Henry Horton State Park is a state park located near Chapel Hill, Tennessee, United States. It was constructed in the 1960s on the estate of the former Governor of Tennessee Henry Horton. The park offers canoeing, camping, lodging, hiking and other activities.

Facilities

Lodging
Horton Park Inn - 65 rooms and 4 suites
Cabins - 8 total cabins within walking distance of inn
Campgrounds - 75 campsites, some located near the Duck River

Meeting/Conference
Recreation Building -  of meeting space is located in a separate building near the inn and is used for large meetings up to 300 people.
There are additional meeting rooms in the inn and restaurant.

Picnic
There are 83 picnic sites and 4 large group picnic pavilions.

Camping

Henry Horton features 75 campsites situated on the Duck River; 19 of these are primitive tent sites. The remaining 56 sites are RV sites with water and electric hookups. All sites have tables, grills, and fire rings. A large group tent camp site is also available. Two bathhouses are available seasonally.

Professional Trap and Skeet Range
Five skeet fields, two trap fields, and a lodge building with concessions, gun rental, and ammo are available. A picnic shelter is available for large shoots or related gatherings.

Restaurant
Henry Horton Restaurant is a family restaurant capable of seating 255 people and includes two private dining areas.

Sports Fields
Facilities for baseball, basketball, disc golf, tennis, and volleyball are available.

Swimming
The park features an Olympic-sized pool with bathhouses and a concession stand.
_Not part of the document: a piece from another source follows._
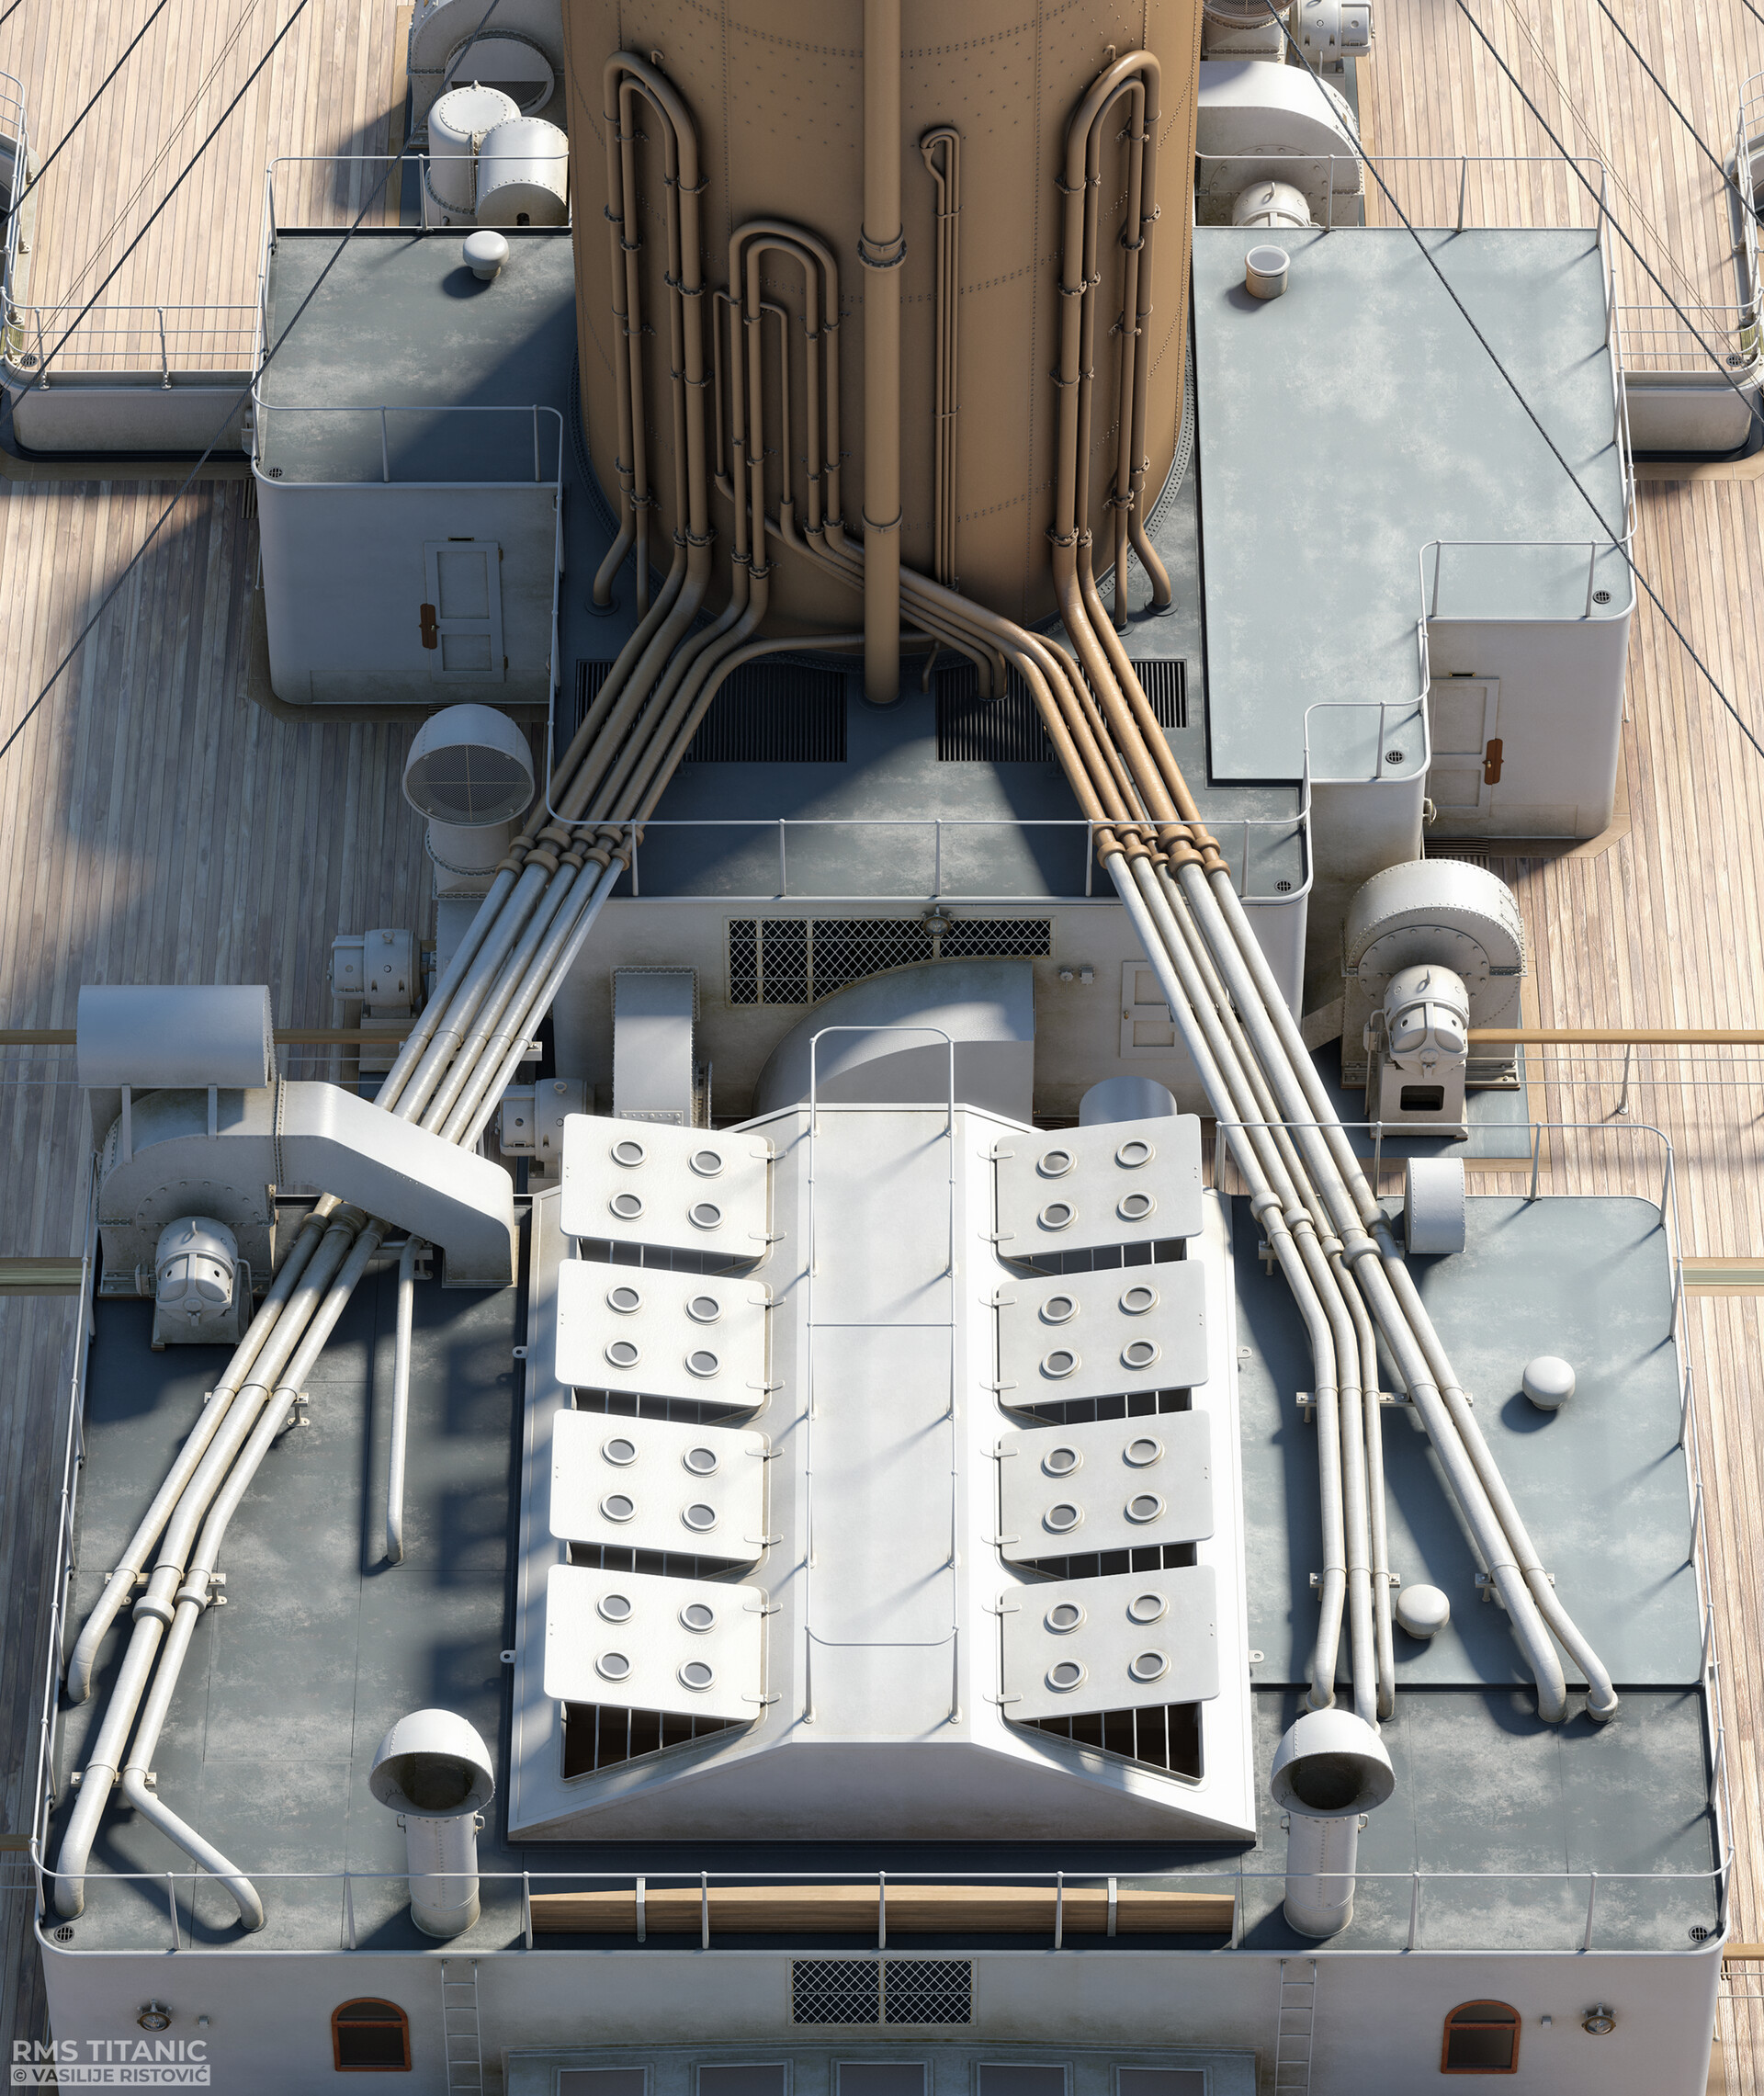 Montage Titanic Trumpeter 1/200 - Page 10 Vasilije-ristovic-titanic-tank-top-02
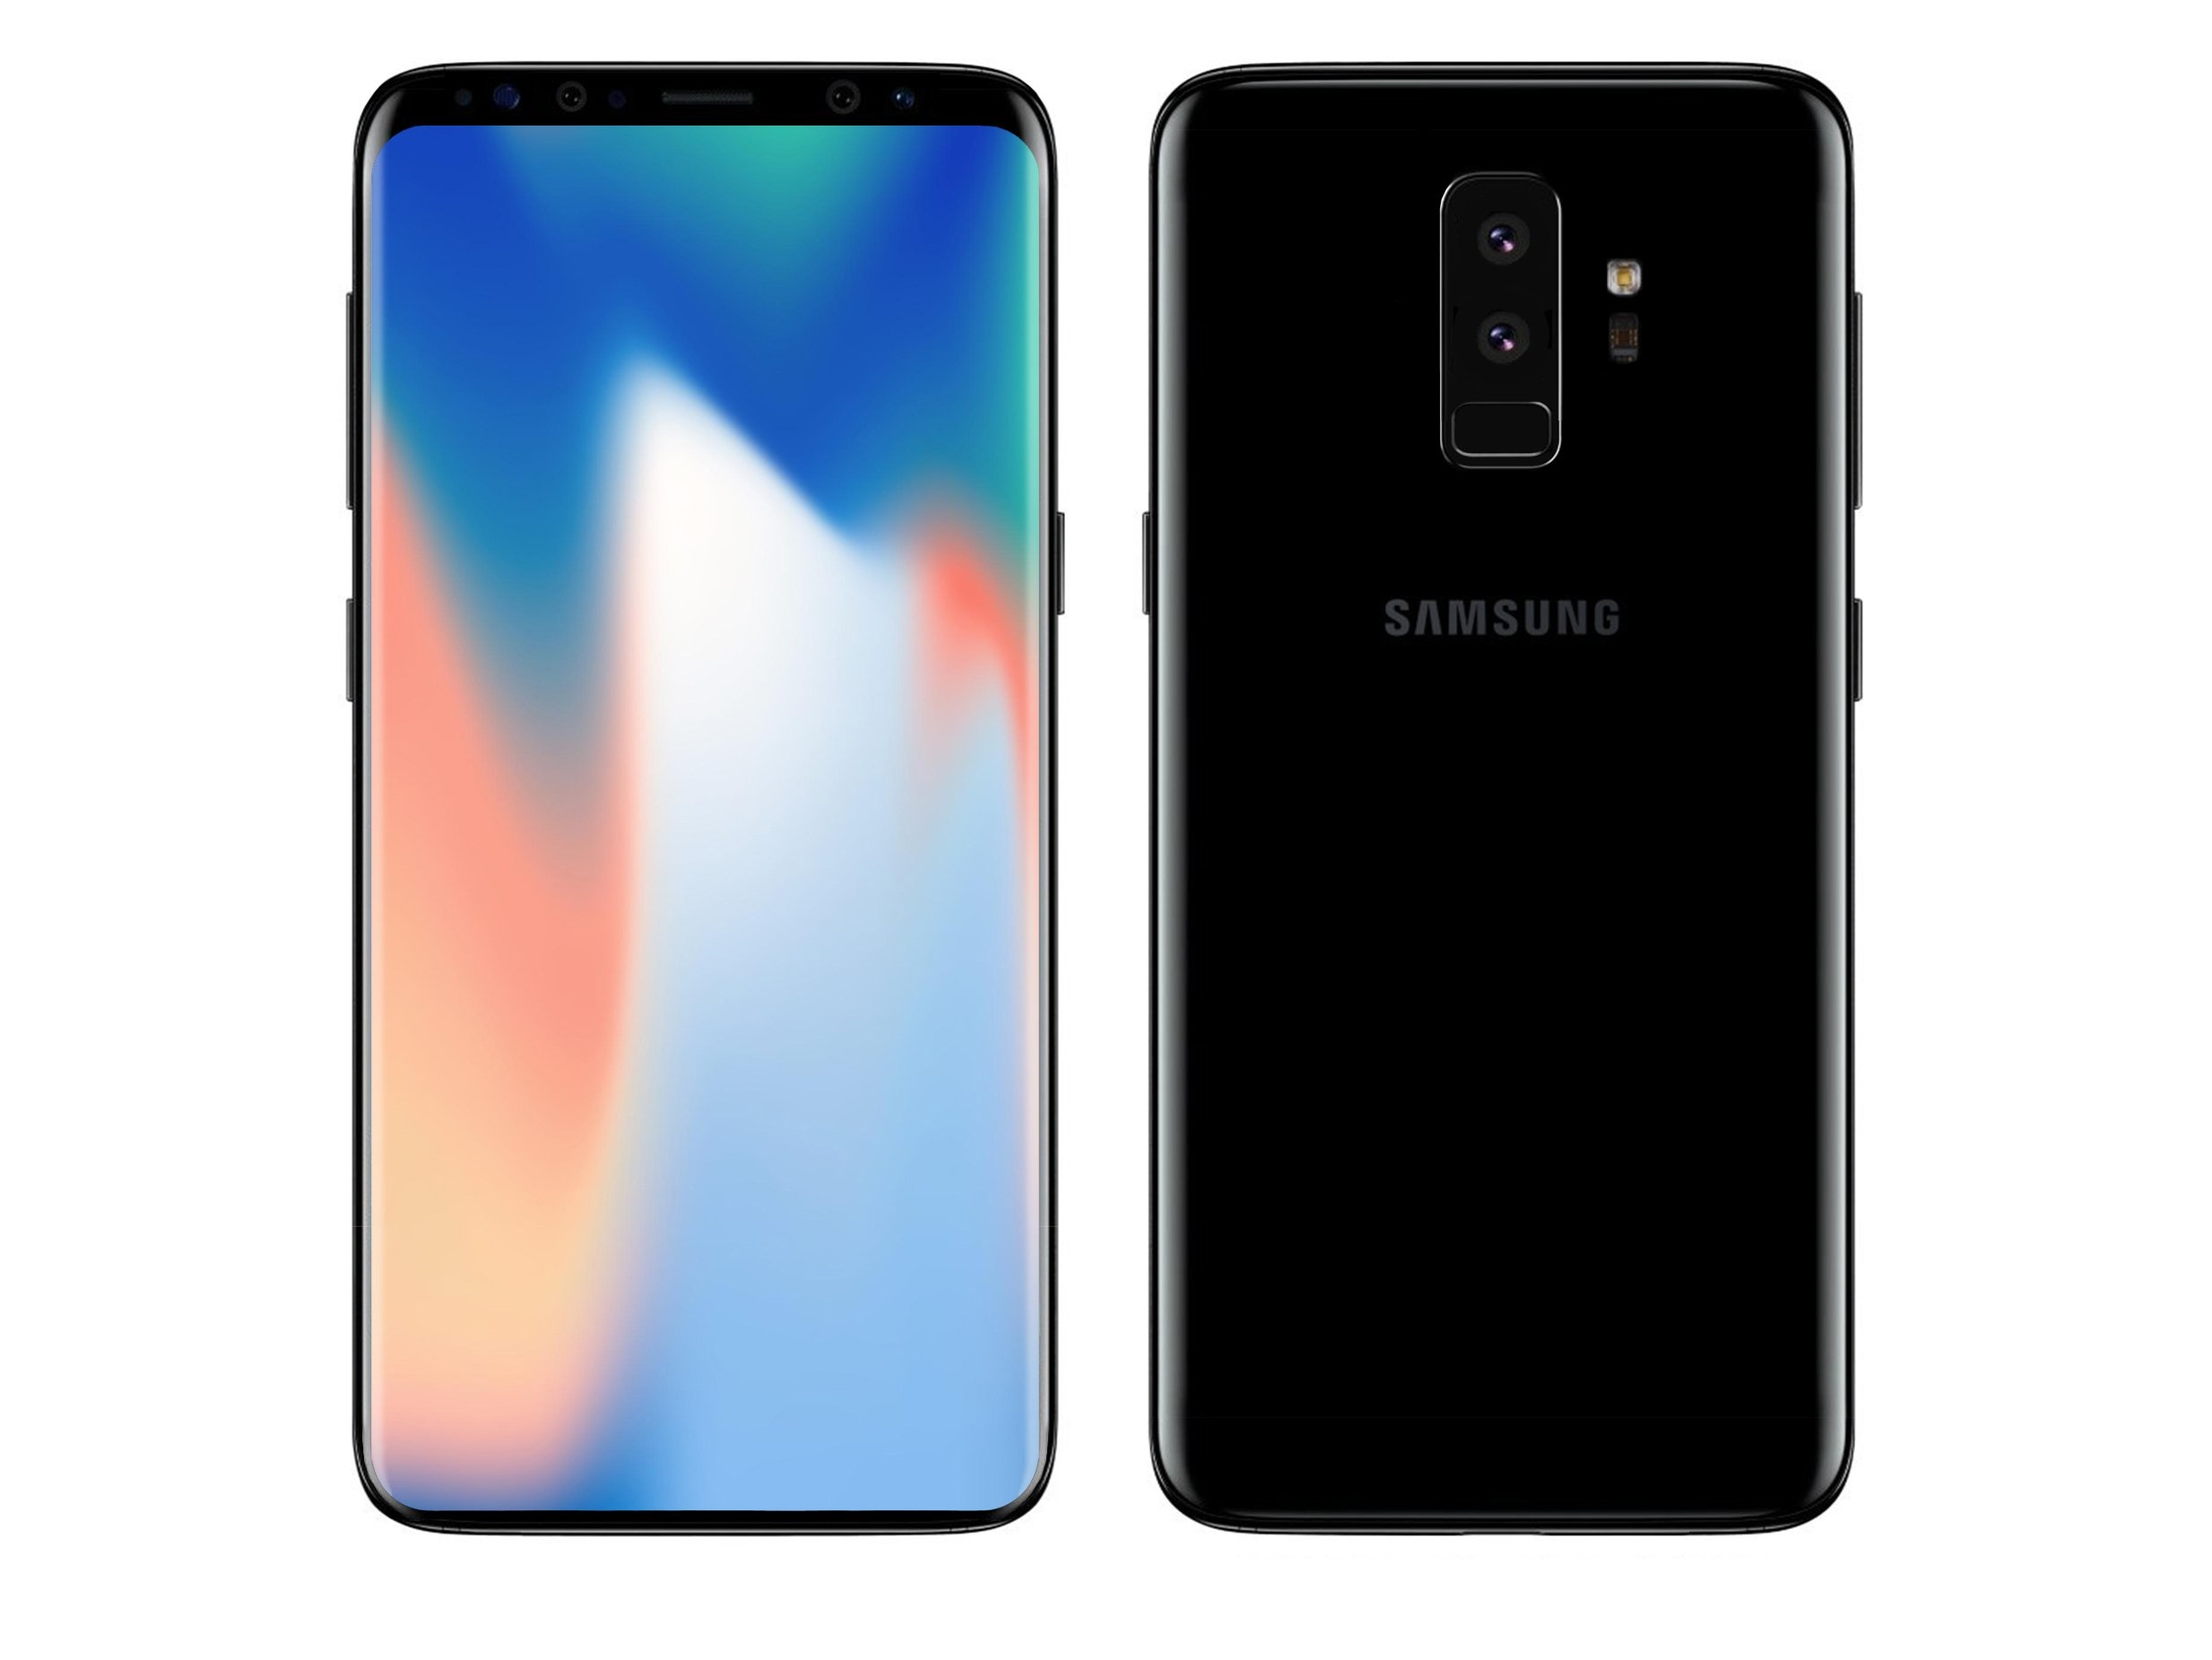 Samsung Galaxy S9 concept design final

There is also water access to the Duck River via a small ramp.

Fishing
Duck River anglers can catch largemouth and smallmouth bass, red-eye, and catfish. A valid Tennessee fishing license is required.

Trails
The park features four relatively flat, easy hiking trails, some with views overlooking the Duck River. 
The 1.3 mile Hickory Ridge Loop is located near the campground and traverses habitats ranging from oak-hickory forest to cedar glades. 
The 0.7 mile Wilhoite Mill Trail follows the Duck River among second growth woods covering an early mill community. 
The 1.7 mile Turkey Trail loop is the longest trail in the park. It winds through woods and old fields.
The 4.2 mile (there and back) Duck River Trail is the newest trail in the park, completed in 2011. 
All trails are relatively easy and are suitable for families and adults of all ages.

Duck River
The Duck River flows through the park.

Golf
The park contains the Buford Ellington Golf Course.